(Work order)
The copy should hold only the line containing "T.C. Chairman of" and the lines after it through the end of the material, each exact, with no pictures.

(Information shown)
▬▬▬▬▬▬

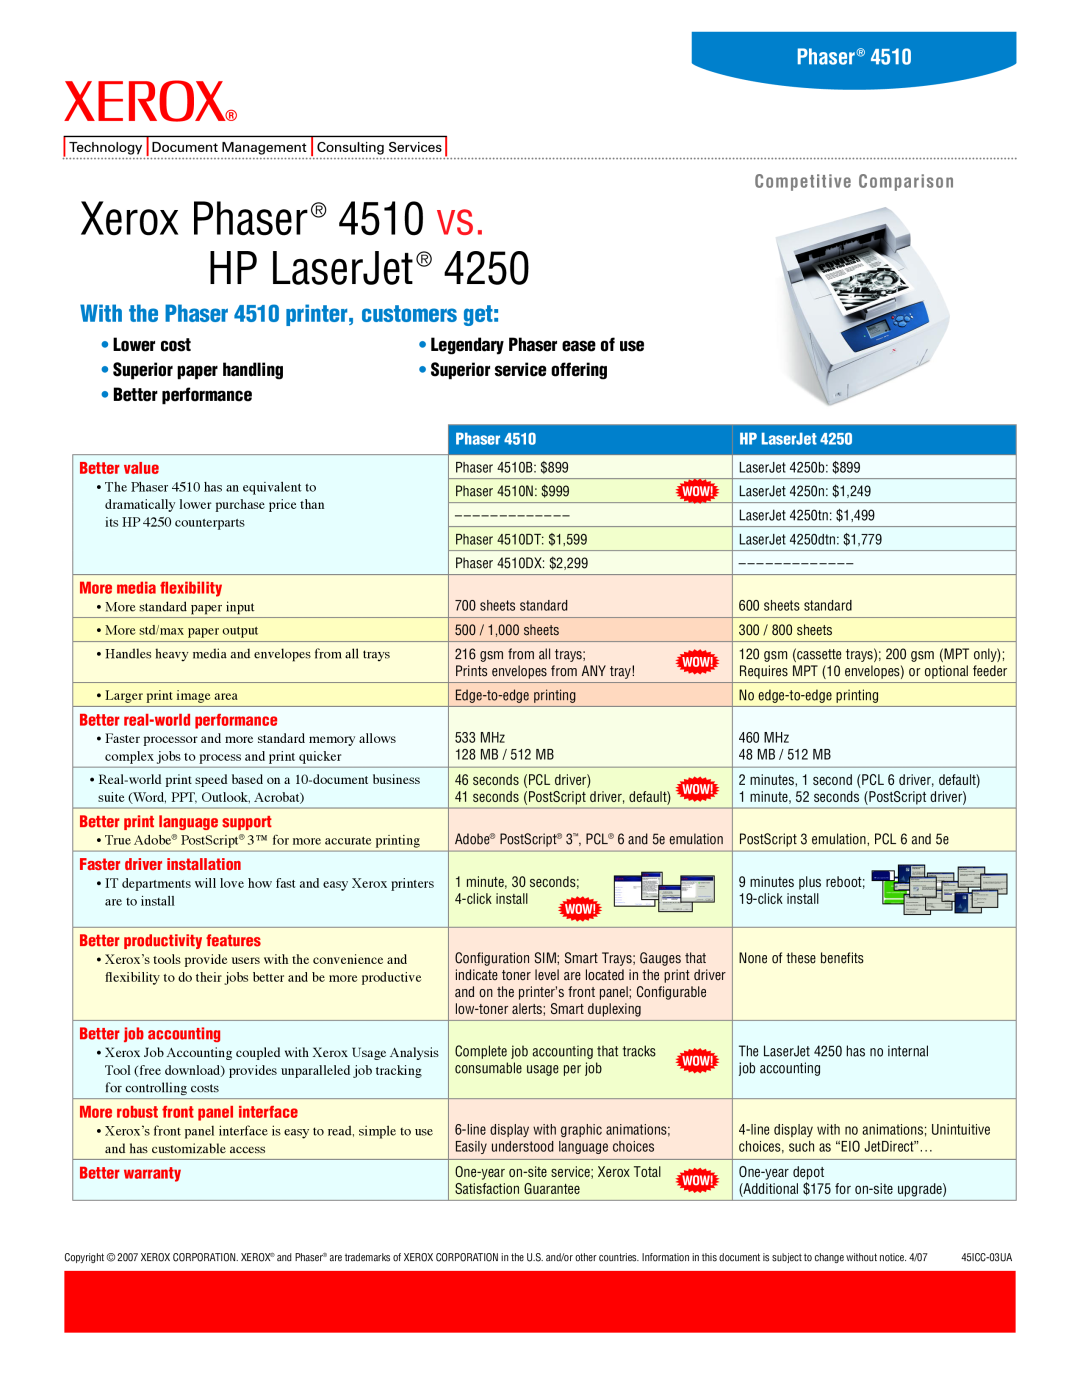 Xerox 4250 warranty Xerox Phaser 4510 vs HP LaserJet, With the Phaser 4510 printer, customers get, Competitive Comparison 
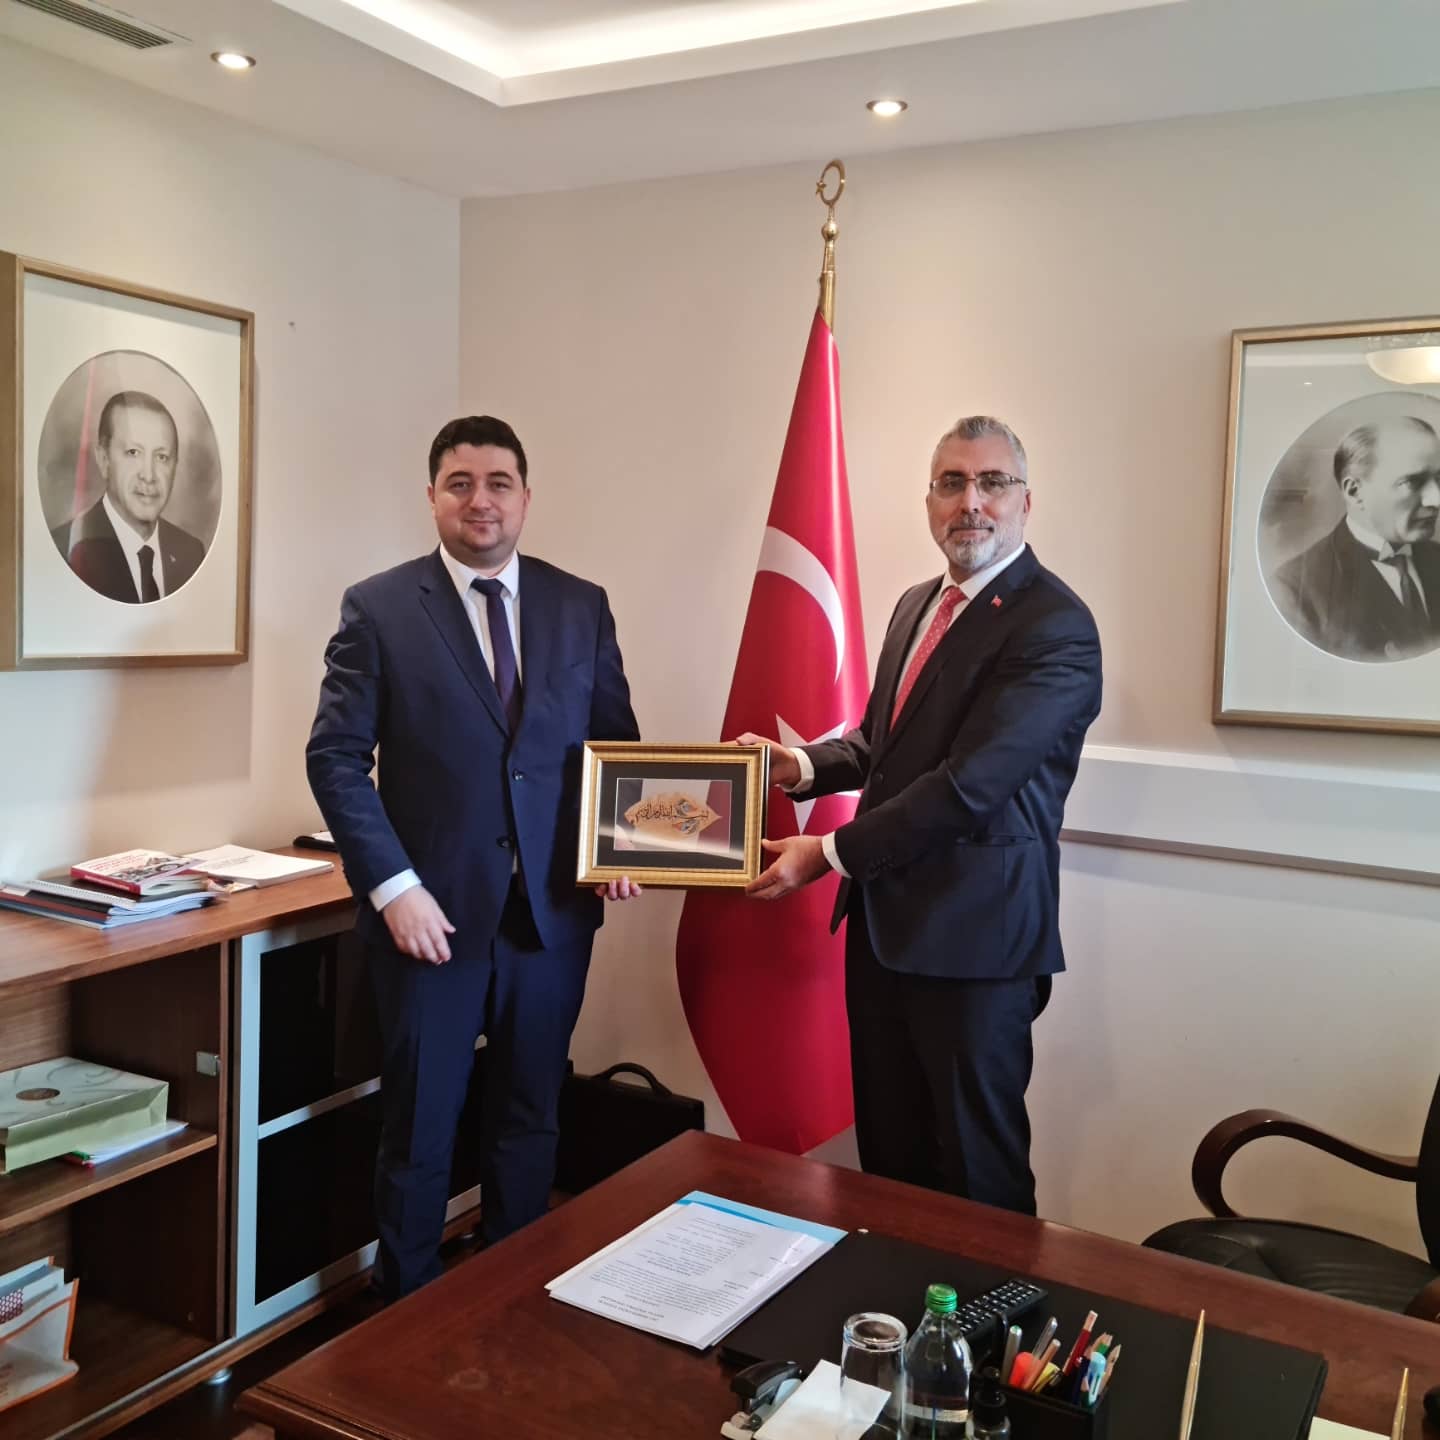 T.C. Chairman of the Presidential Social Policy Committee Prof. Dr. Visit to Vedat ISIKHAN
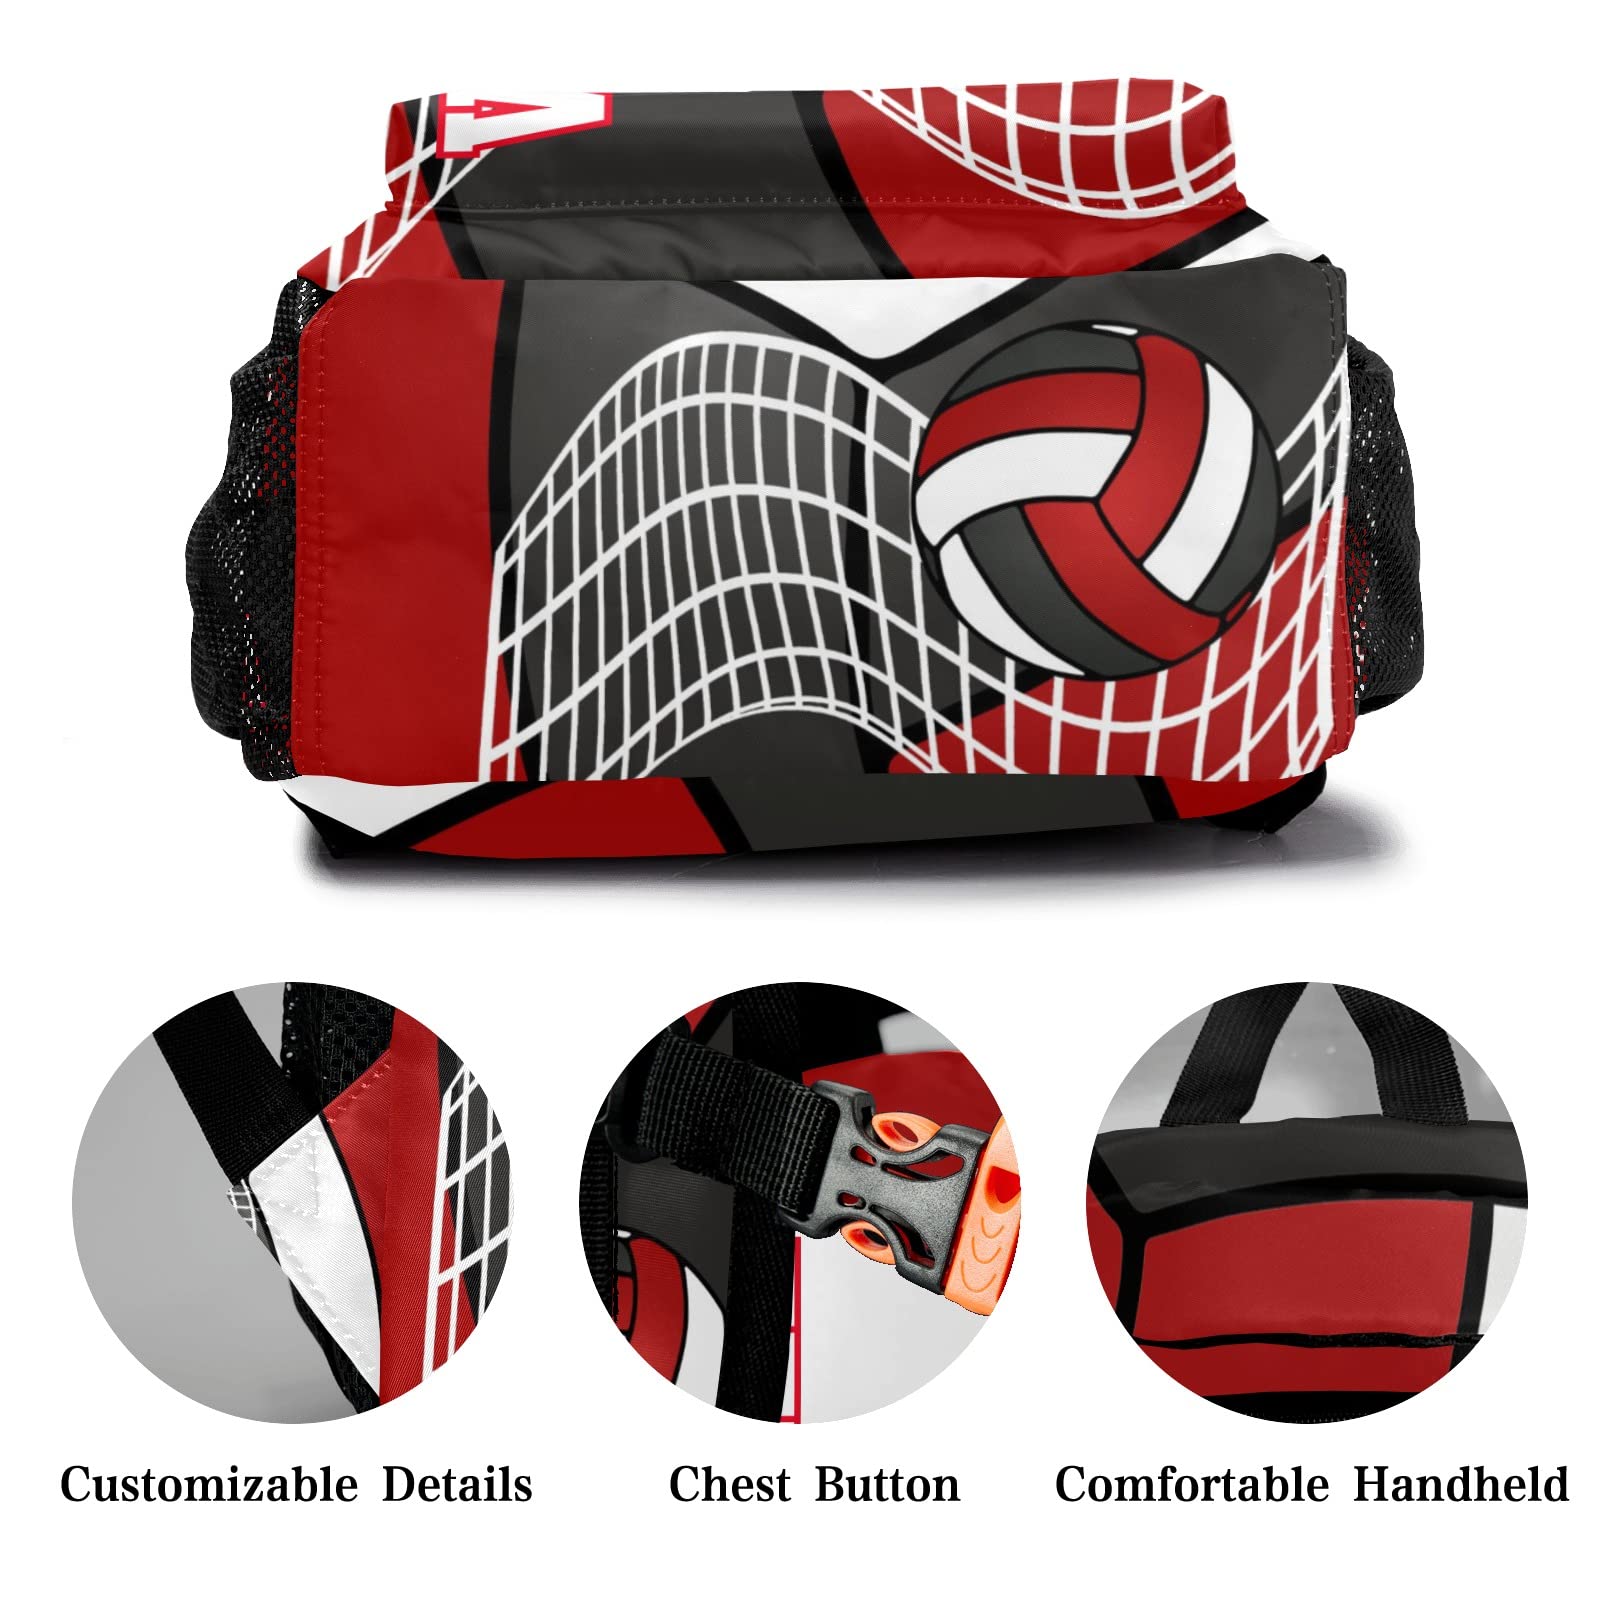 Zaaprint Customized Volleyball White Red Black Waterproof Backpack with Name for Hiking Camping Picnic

▬▬▬▬▬▬

(Answer area)
 T.C. Chairman of the Presidential Social Policy Committee Prof. Dr. Visit to Vedat ISIKHAN
 Zaaprint Customized Volleyball White Red Black Waterproof Backpack with Name for Hiking Camping Picnic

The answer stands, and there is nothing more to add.